Studying and living in Houston as an undergraduate, though, “was a cultural shock.” At Rice, for the first time Knapper wasn’t the only person of color in the classroom and she had professors and mentors in the sciences who looked like her.
Medical school could have provided her with many of those same social, cultural and academic experiences and points of pride. Knapper applied to and was accepted to Morehouse Medical College in Atlanta and Nashville’s Meharry Medical College, both historically Black institutions.

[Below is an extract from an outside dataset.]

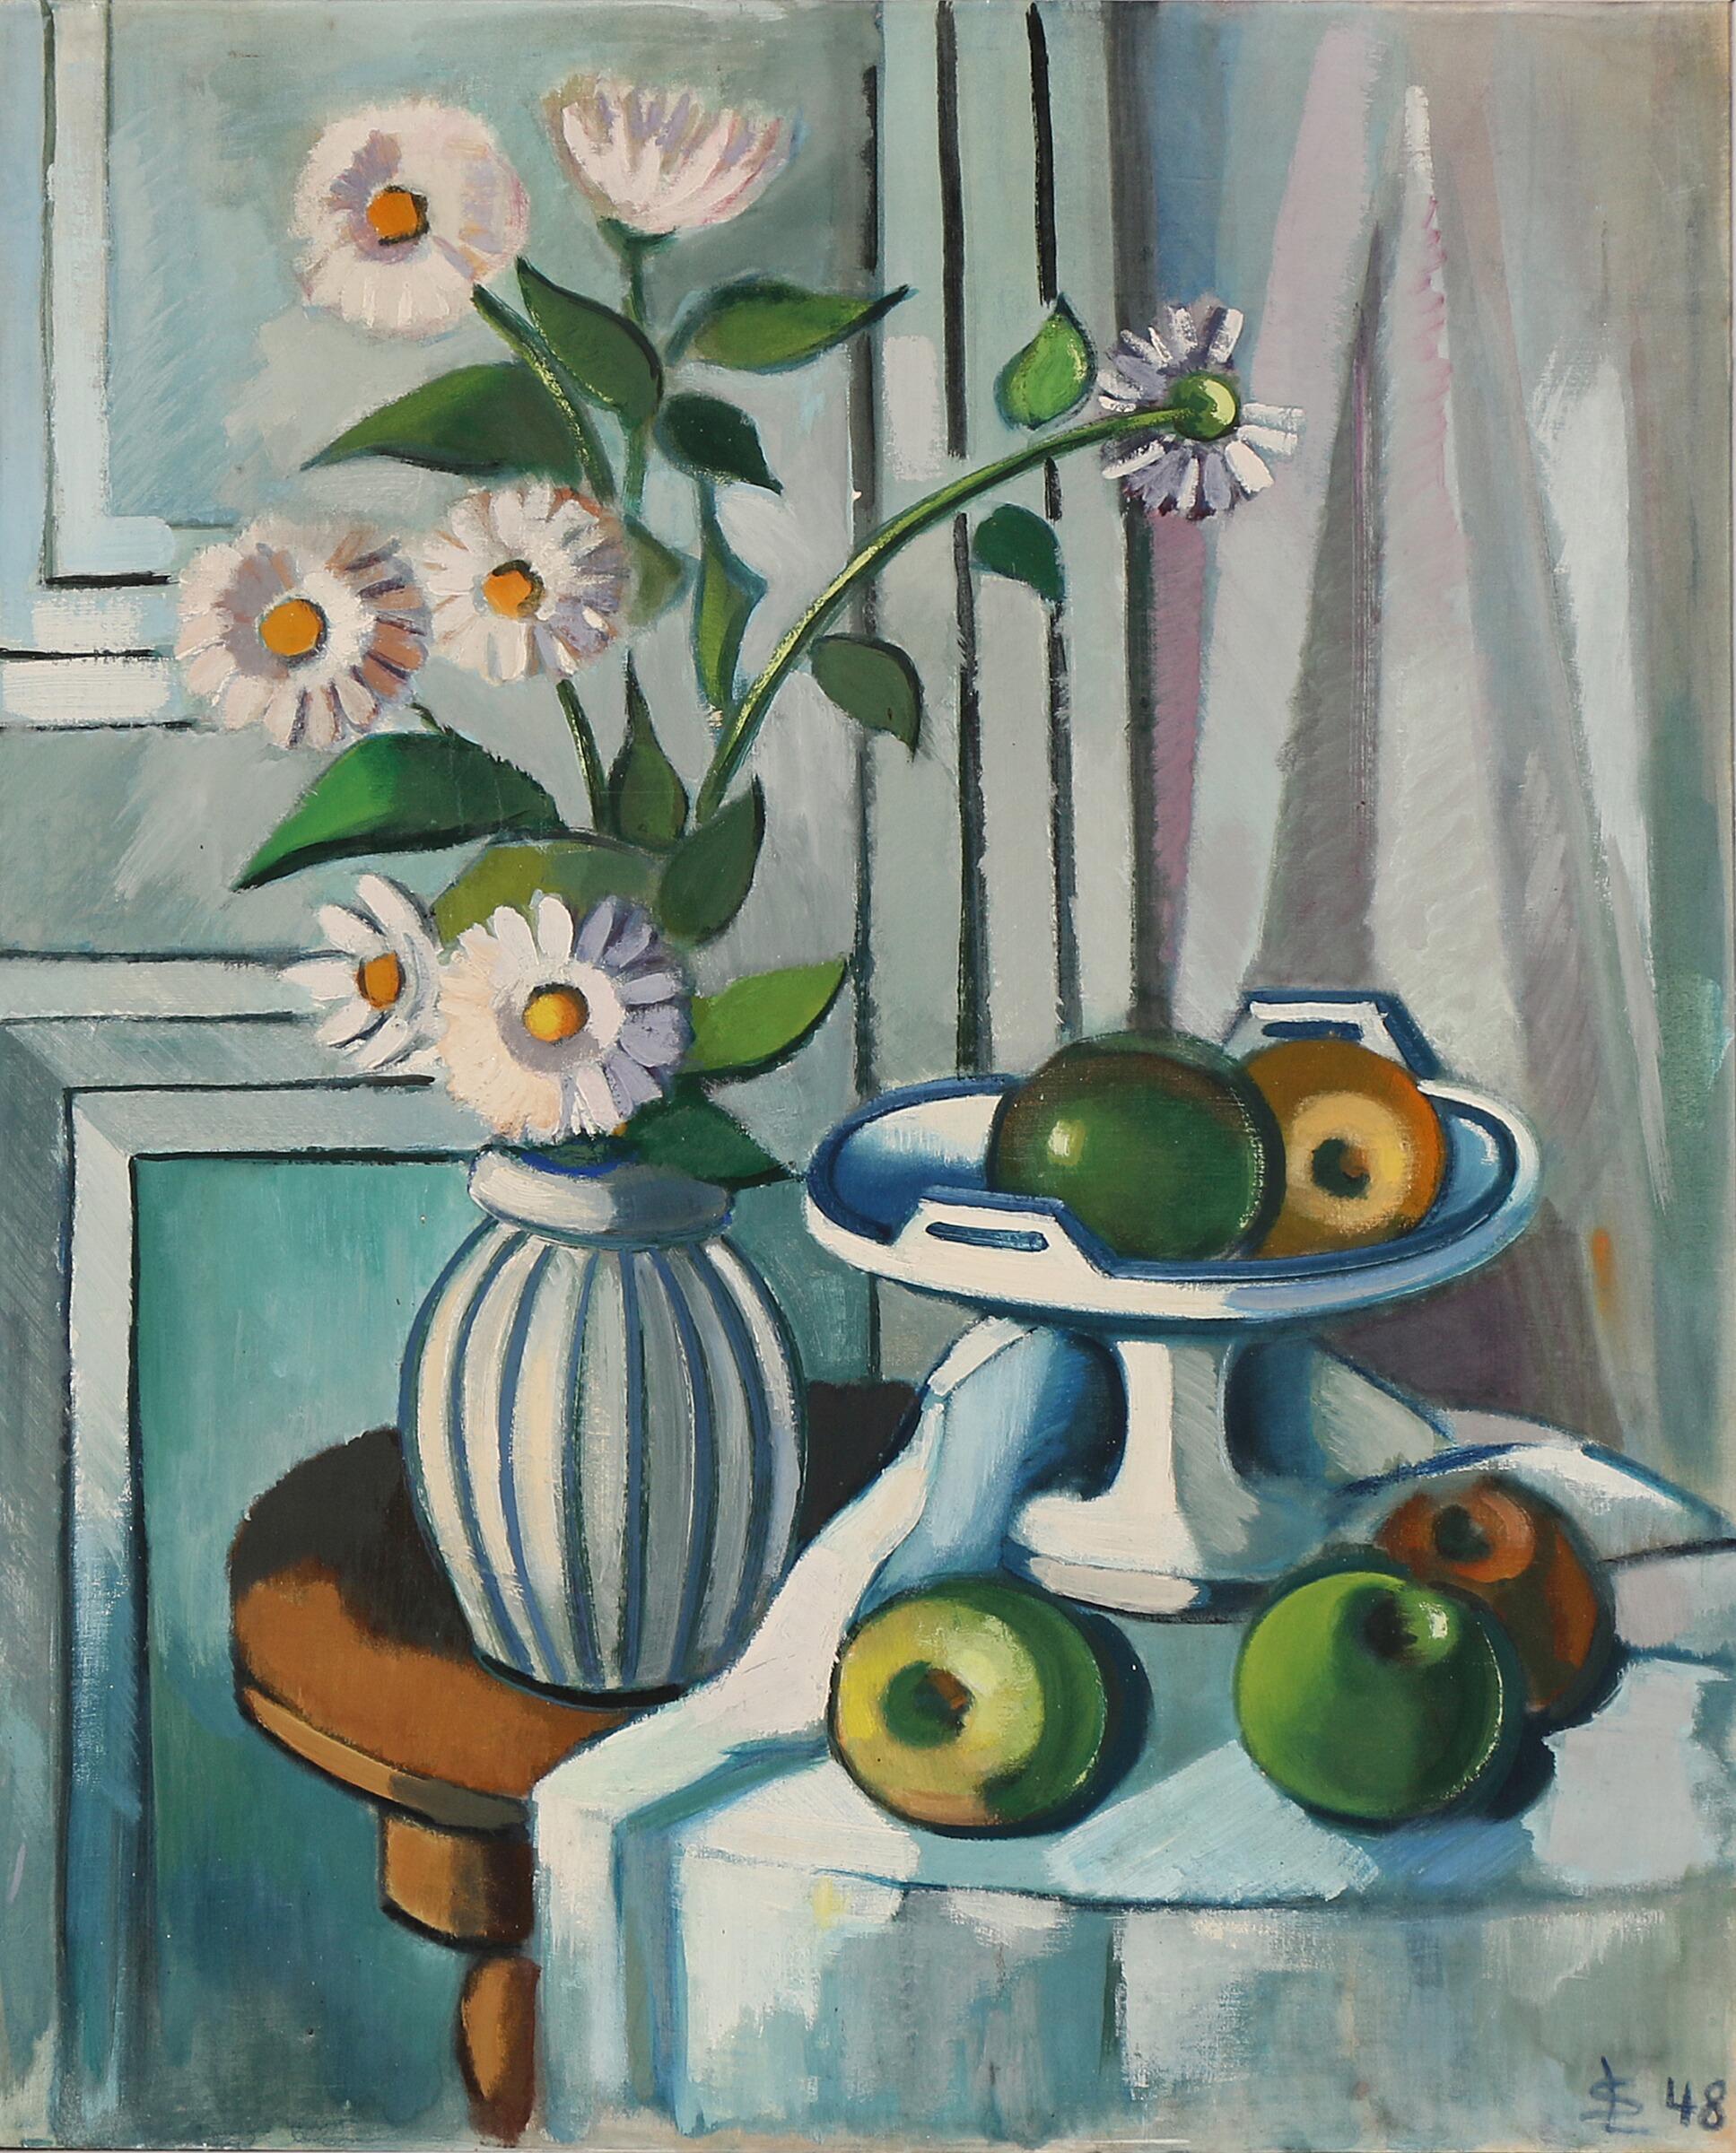 Svend Aage Lindstrøm, Danish artist 1902-1991. Still life with flowers and fruits. Signed with monogram 48. Oil on canvas laid on board. Painted on the reverse. Measures: 75×62 cm.

But she chose OHSU, the school that has been courting her since childhood.
Morehouse and Meharry, which are among the top producers of Black physicians in the United States, “are great schools, but they just couldn’t offer me the same level of resources and access, or financial support,” says Knapper, the recipient of OHSU’s President’s Fund Scholarship.
Garcia wants more Oregonians like Knapper to also say yes to OHSU. Like elsewhere in the nation, the steep price tag for a medical degree is a major barrier for most students of color and groups underrepresented in medicine. Reducing or eliminating the cost of their medical school education, says Garcia, is one strategy OHSU is using to attract those students.
The prestigious four-year scholarship Knapper was awarded covers tuition, fees, health insurance and more. For Knapper, “It sealed the deal.” But so did OHSU’s efforts over the years to keep her tethered to the medical school and focused on her dream of becoming a physician.
“Miss Garcia would email me and check in often, even when I was away at college,” remembers Knapper. “She got me connected to other medical students and to her colleagues at OHSU. I’m really grateful to her and the office of diversity.”
Delvin Akin, a 31-year-old Army veteran, also found his way into OHSU’s medical school pipeline. One of his professors at Portland State University, where he graduated from, connected Delvin to an OHSU researcher and fellow Black veteran who had an opening for a lab assistant. Akin jumped at the chance.
“Once I was in the door, they put me under their wings,” says Akin, a former active-duty combat medic, of his early OHSU experience. In 2015, Akin was accepted into OHSU’s Summer Equity Research Program.
This fall, Akin will join Knapper in the first-year medical school class. But at the same time, Akin will stand alone — he will be the first Black man to matriculate in the School of Medicine since 2014.
Among students “in the entering classes of 2008, 2009, 2010, 2011, 2012, 2015, no Black or African-American man matriculated,” according to a report by Dr. James B. Reuler, an OHSU emeritus professor of medicine.
These numbers mirror national trends for Black males in medical school. In August 2015, AAMC released data indicating that the number of Black men applying to and attending U.S. medical schools was at its lowest point since 1978.
Curious about the numbers, Akin looked at who else in Oregon was applying to medical school this year. AAMC data revealed that, in Oregon, he was one of only nine African-Americans.
Of the 491 medical school applicants in the state, the majority were White (307) and Asian (77). The data are troubling, says Akin, and point to a medical school pipeline that needs to be replenished.
Even with multitiered diversity plans for recruiting and retaining students of color, hosting social events, having a new vice president for equity and inclusion, and even a diversity story wall, says Garcia, seeing the return on the investment “has taken us years — a lot of time, a lot of commitment and a lot of resources.”
Knapper and Akin say they are proof that so-called pipeline programs, outreach efforts and nurturing environments do work, but more and earlier interventions that get OHSU into African-American and other communities of color are what is needed.
Says Knapper: “You have to get students when they are really young and trying to figure out who they are and what they want to become.”